Leaving out every picture, retype the lines below from the top through the one that contains "[Two men walking".
BEGIN RECORDED DATA
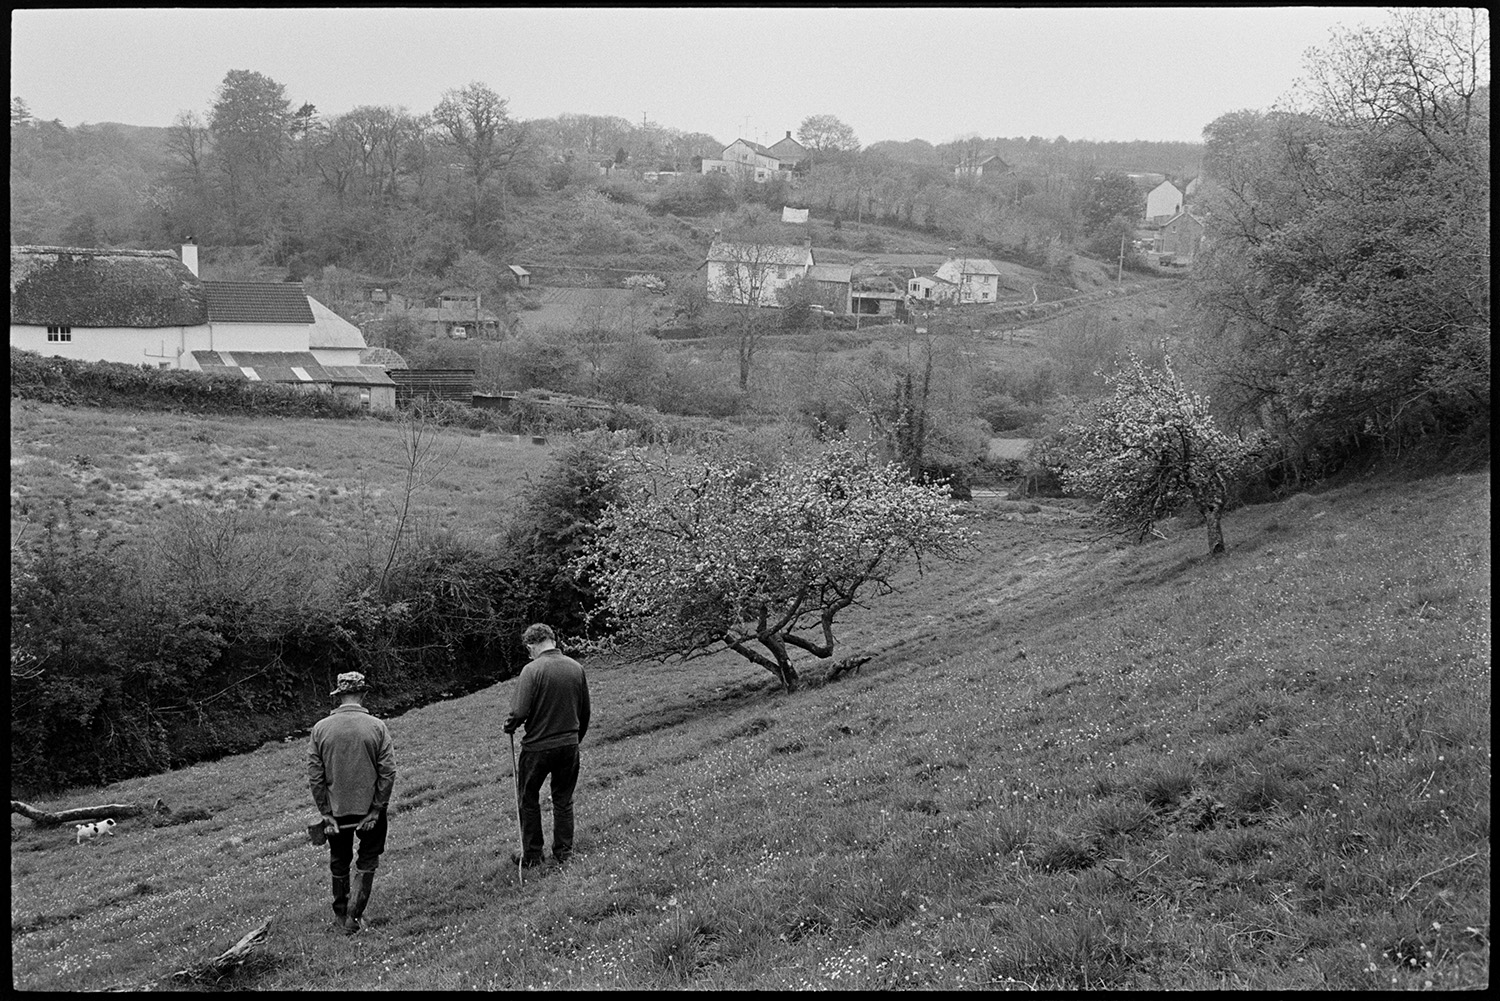 Farmers walking across orchard with Dexter cows. 
[Two men walking through an orchard with a dog, at Hollocombe. One of them is holding a hammer or mallet. Farm buildings and houses can be seen in the background.]
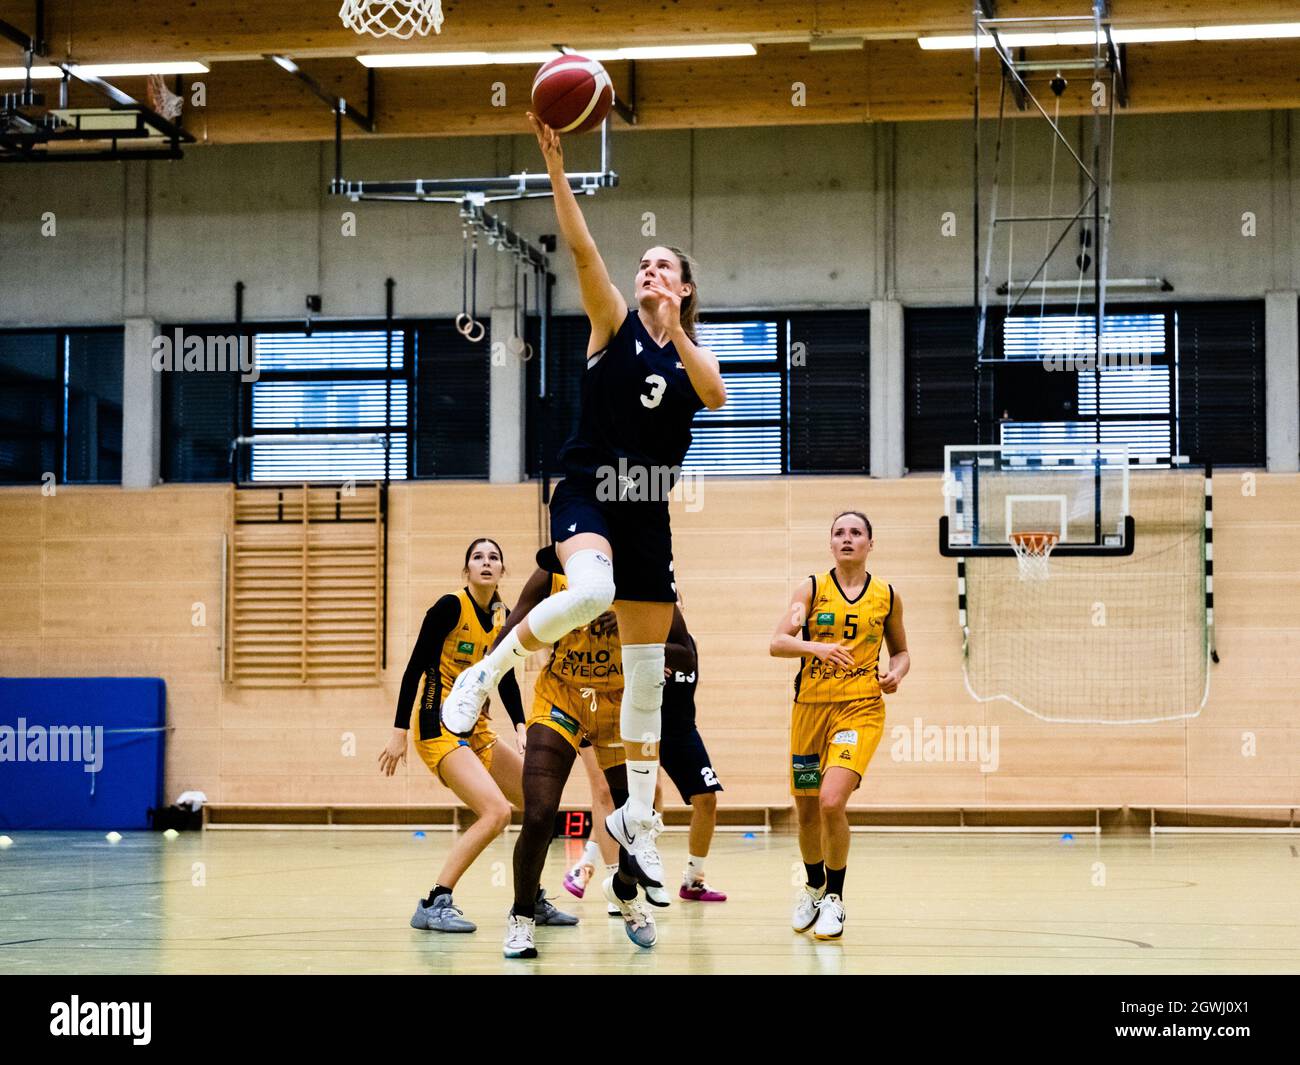 Duesseldorf, Germany. 03rd Oct, 2021. Simone Sill ( 3 Capitol Bascats )  scores two points during the 1. Toyota Damen Basketball Bundesliga game  between the Capitol Bascats Duesseldorf and inexio Royals Saarlouis
END RECORDED DATA
_SOLVED EXERCISE_.
 Farmers walking across orchard with Dexter cows. 
[Two men walking through an orchard with a dog, at Hollocombe. One of them is holding a hammer or mallet. Farm buildings and houses can be seen in the background.]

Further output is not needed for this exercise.